Career highlights and awards
- AL batting champion (1905); NL RBI leader (1900); 2× AL stolen base leader (1904, 1906); Cleveland Guardians Hall of Fame;

Member of the National

Baseball Hall of Fame
- Induction: 1963
- Election method: Veterans Committee

= Elmer Flick =

American baseball player (1876–1971)

Elmer Harrison Flick (January 11, 1876 – January 9, 1971) was an American professional baseball outfielder who played in Major League Baseball from 1898 to 1910 for the Philadelphia Phillies, Philadelphia Athletics, and Cleveland Bronchos/Naps. In 1,483 career games, Flick recorded a .313 batting average while accumulating 164 triples, 1,752 hits, 330 stolen bases, and 756 runs batted in (RBIs). He was elected to the Baseball Hall of Fame in 1963.

Flick began his career in semi-professional baseball and played in minor league baseball for two years. He was noticed by George Stallings, the manager of the Phillies, who signed Flick as a reserve outfielder. Flick was pressed into a starting role in 1898 when an injury forced another player to retire. He excelled as a starter. Flick jumped to the Athletics in 1902, but a court injunction prevented him from playing in Pennsylvania. He joined the Naps, where he continued to play for the remainder of his major league career, which was curtailed by a stomach ailment.

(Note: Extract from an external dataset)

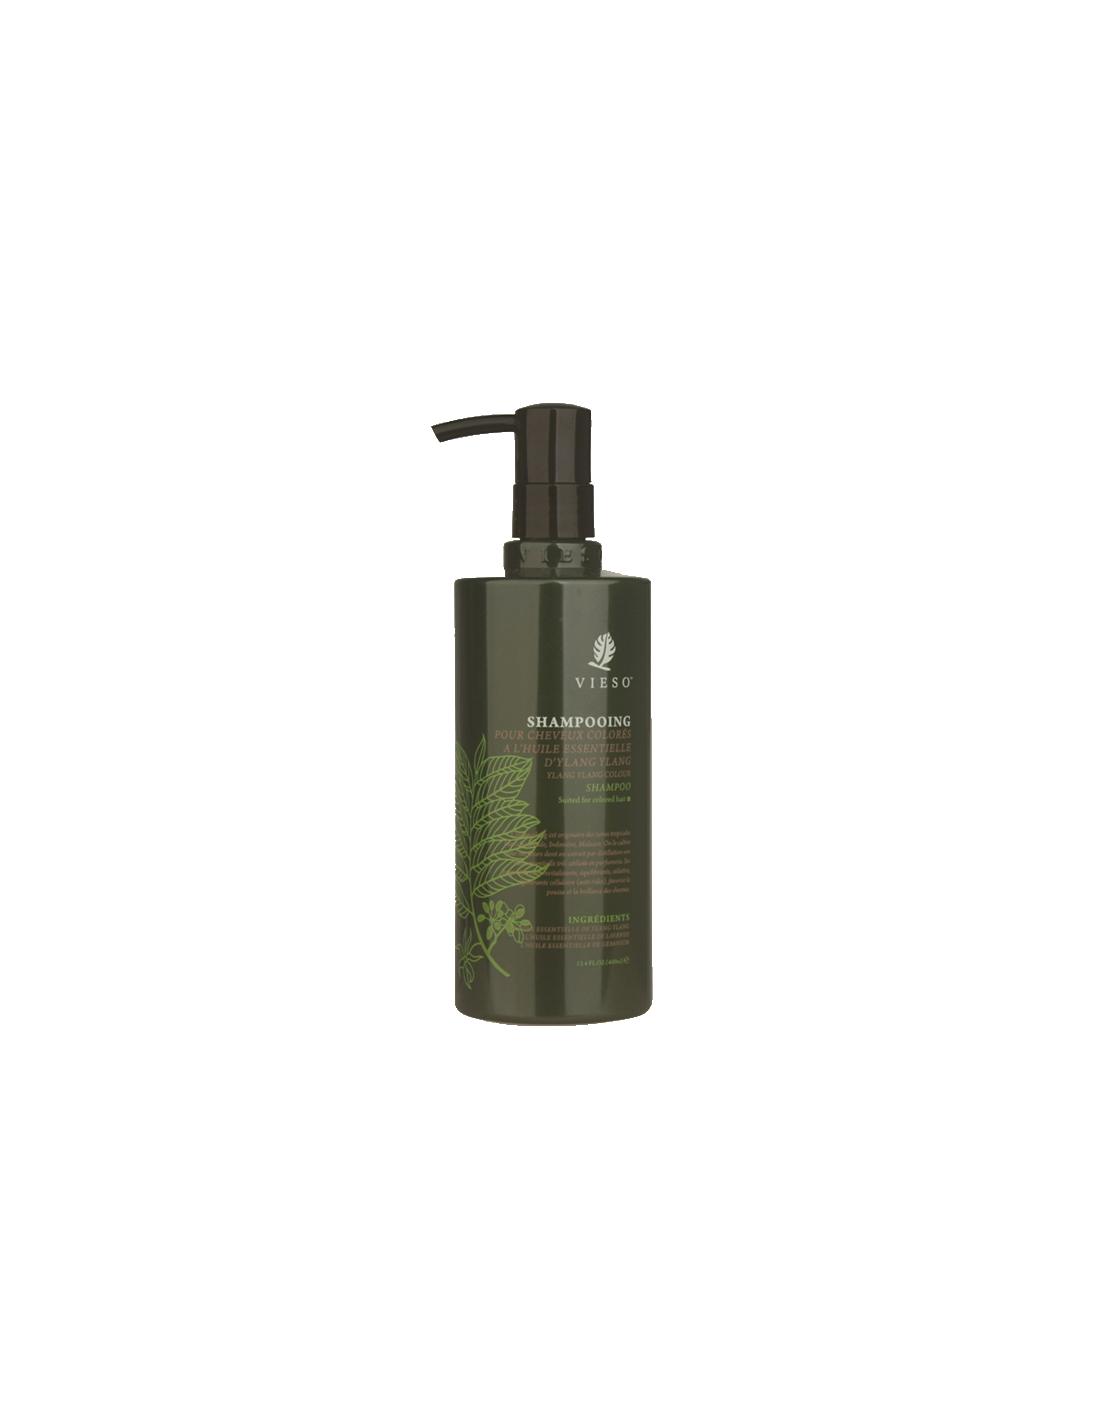 Vieso косметика для волос купить интернет магазин термозащита avon отзывы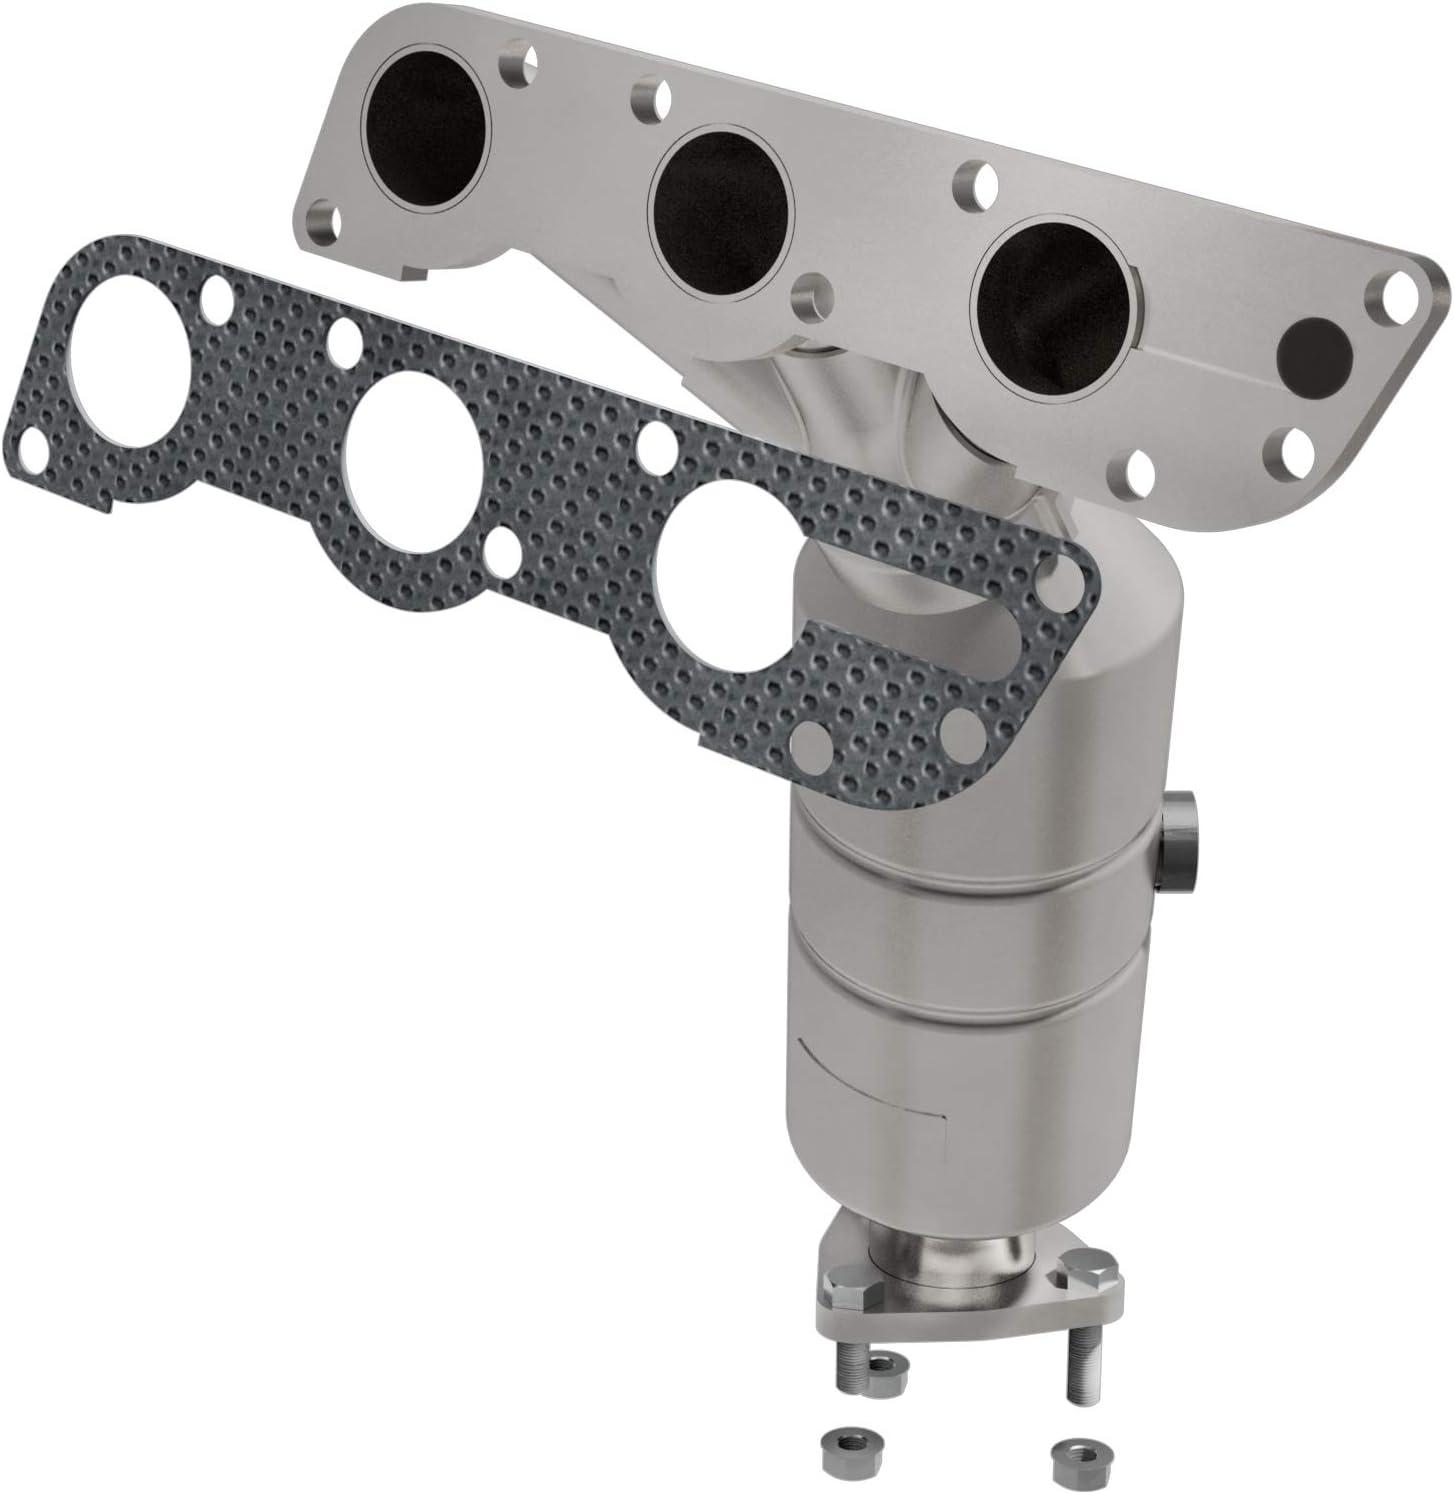 MagnaFlow 50911 Direct Fit Catalytic Converter Non CARB compliant

Flick was known predominantly for his solid batting and speed. He led the National League in RBIs in 1900, and led the American League in stolen bases in 1904 and 1906, and in batting average in 1905.

==Early life==
Flick was born on January 11, 1876, the third of five children of Zachary and Mary Flick, on the family farm in Bedford, Ohio. His father was a farmer and mechanic who had served in the American Civil War. Flick attended Bedford High School, where he played catcher on the school's baseball team. He also played American football, wrestled, and boxed.

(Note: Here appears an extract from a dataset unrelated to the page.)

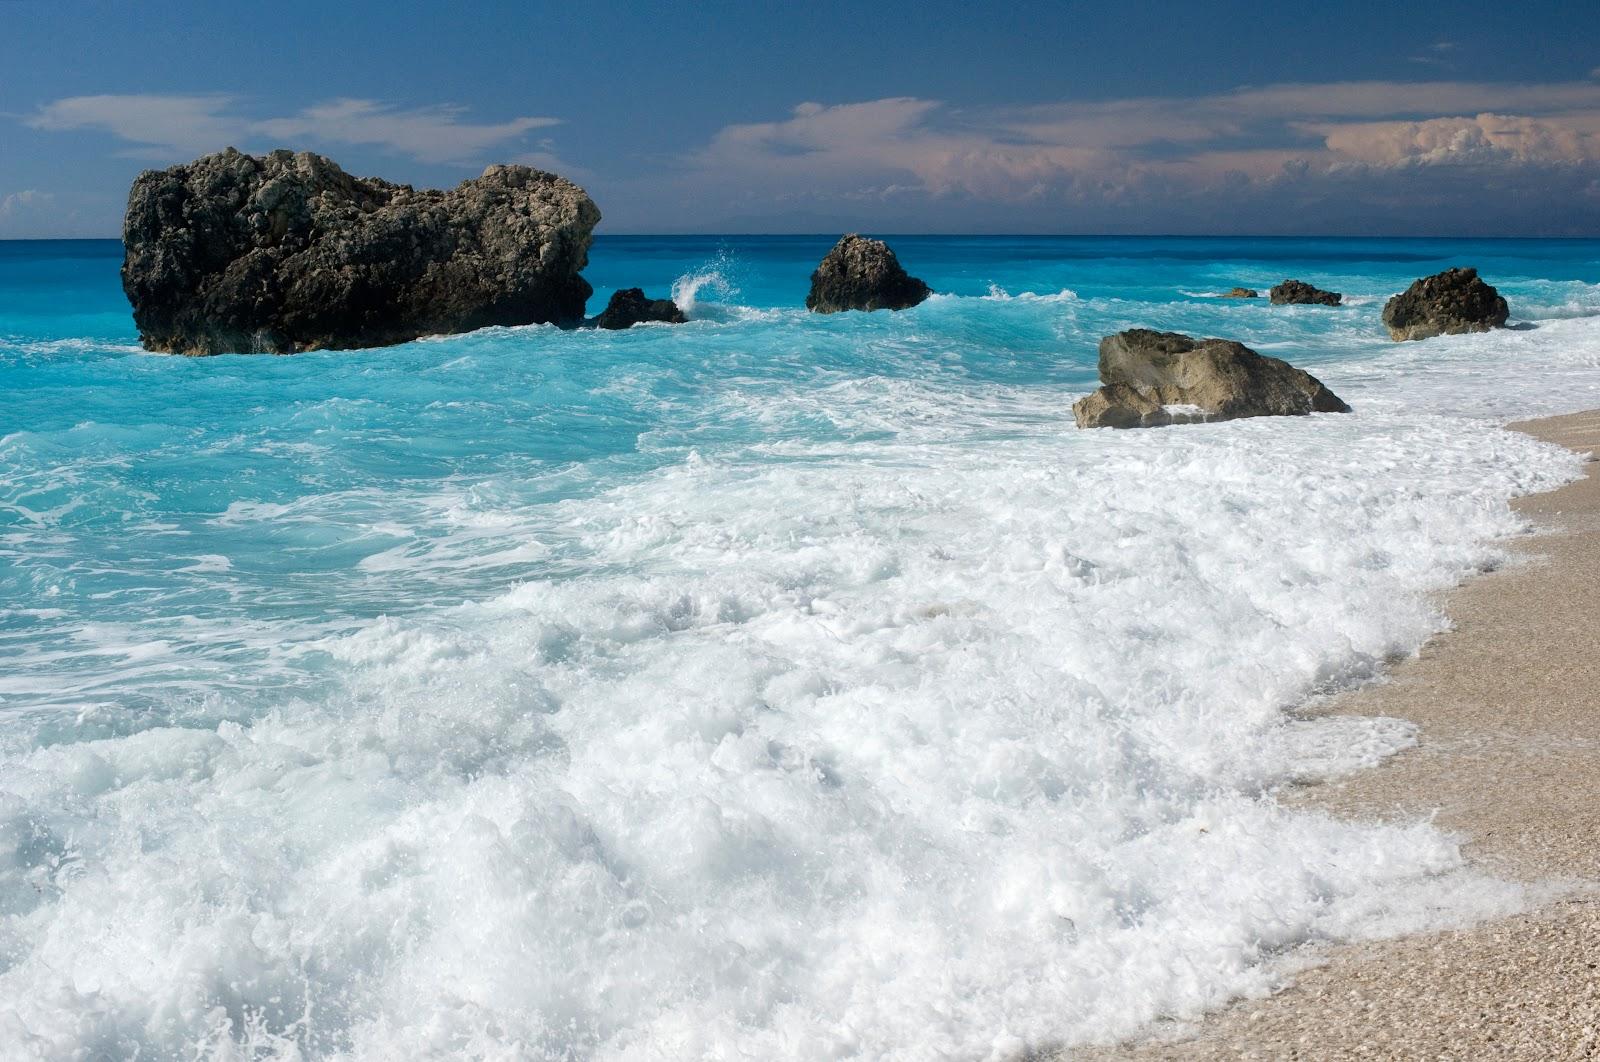 20100726_Kalamitsi_Beach_Ionian_Sea_Lefkada_island_Greece.jpg

Flick entered semi-professional baseball by chance. When he was 15 years old, he was at a train station to support the local baseball team as it left for a road trip. Only eight of the team's players showed up at the station, so Flick was recruited to go on the trip with the team. Though Flick did not have a uniform or shoes, he hit well in both games of the doubleheader, though Bedford lost both games. He joined the Bedford team on a regular basis, and he continued to play semi-pro baseball throughout his teenage years.

==Professional career==

===Minor league baseball===
In 1896, the manager of the Youngstown Puddlers of the Interstate League signed Flick. Because the team had an established catcher, Flick played in the outfield, where he struggled to learn the position. In 31 games, Flick had a .826 fielding percentage. However, Flick had a strong performance offensively. Using his father's lathe, Flick crafted his own baseball bat, which he used to hit for a .438 batting average.

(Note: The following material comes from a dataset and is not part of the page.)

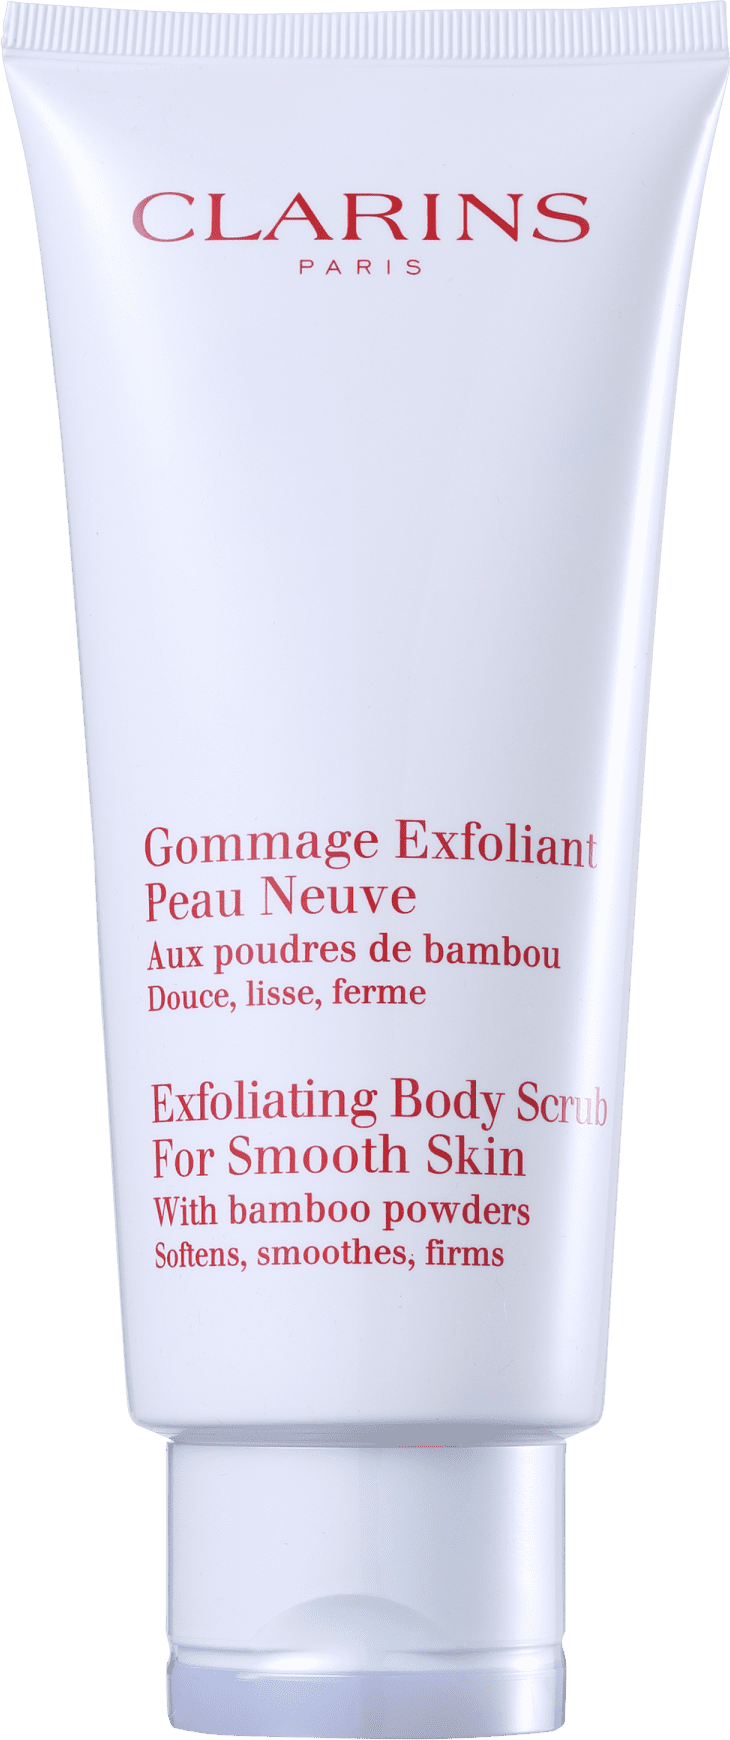 Esfoliante Clarins Body Scrub For Smooth Skin Beleza Na Web Marina 200ml Exfoliating Corporal

The next year, Flick played for the Dayton Old Soldiers, also in the Interstate League, as their regular left fielder. His defense improved, as he compiled a .921 fielding percentage, and he batted .386. He also led the league with 20 triples and 295 total bases.

===Major League Baseball===
George Stallings, the manager of the Philadelphia Phillies of the National League (NL), noticed Flick while he played for Dayton. Stallings signed Flick to the Phillies to serve as a reserve outfielder for the team in the 1898 season. Starting outfielder Sam Thompson injured his back after six games, forcing Stallings to play Flick. In his debut game, Flick went 2-for-3 with two singles against Fred Klobedanz. Thompson returned to the team briefly, but reinjured his back and announced his retirement in May, allowing Flick to play regularly. Flick proved himself a capable big leaguer, batting .302 with eight home runs, 13 triples and 81 runs batted in (RBIs). In the 1899 season, he batted .342, with 98 runs scored and 98 RBIs. However, he suffered a serious knee injury in August, and reinjured the knee when he returned to the game too quickly.

Before the 1900 season, Philadelphia stars Napoleon Lajoie and Ed Delahanty held out of renewing their contracts with the team. Other members of the team had grown disgruntled. Amid talk of a revival of the American Association, Flick and several other players began to talk about not returning to the team the next year. The Philadelphia Inquirer reported that Flick's father was in the chair business in Cleveland and that he might require Flick's help with the business. Flick agreed to a contract extension before the season started.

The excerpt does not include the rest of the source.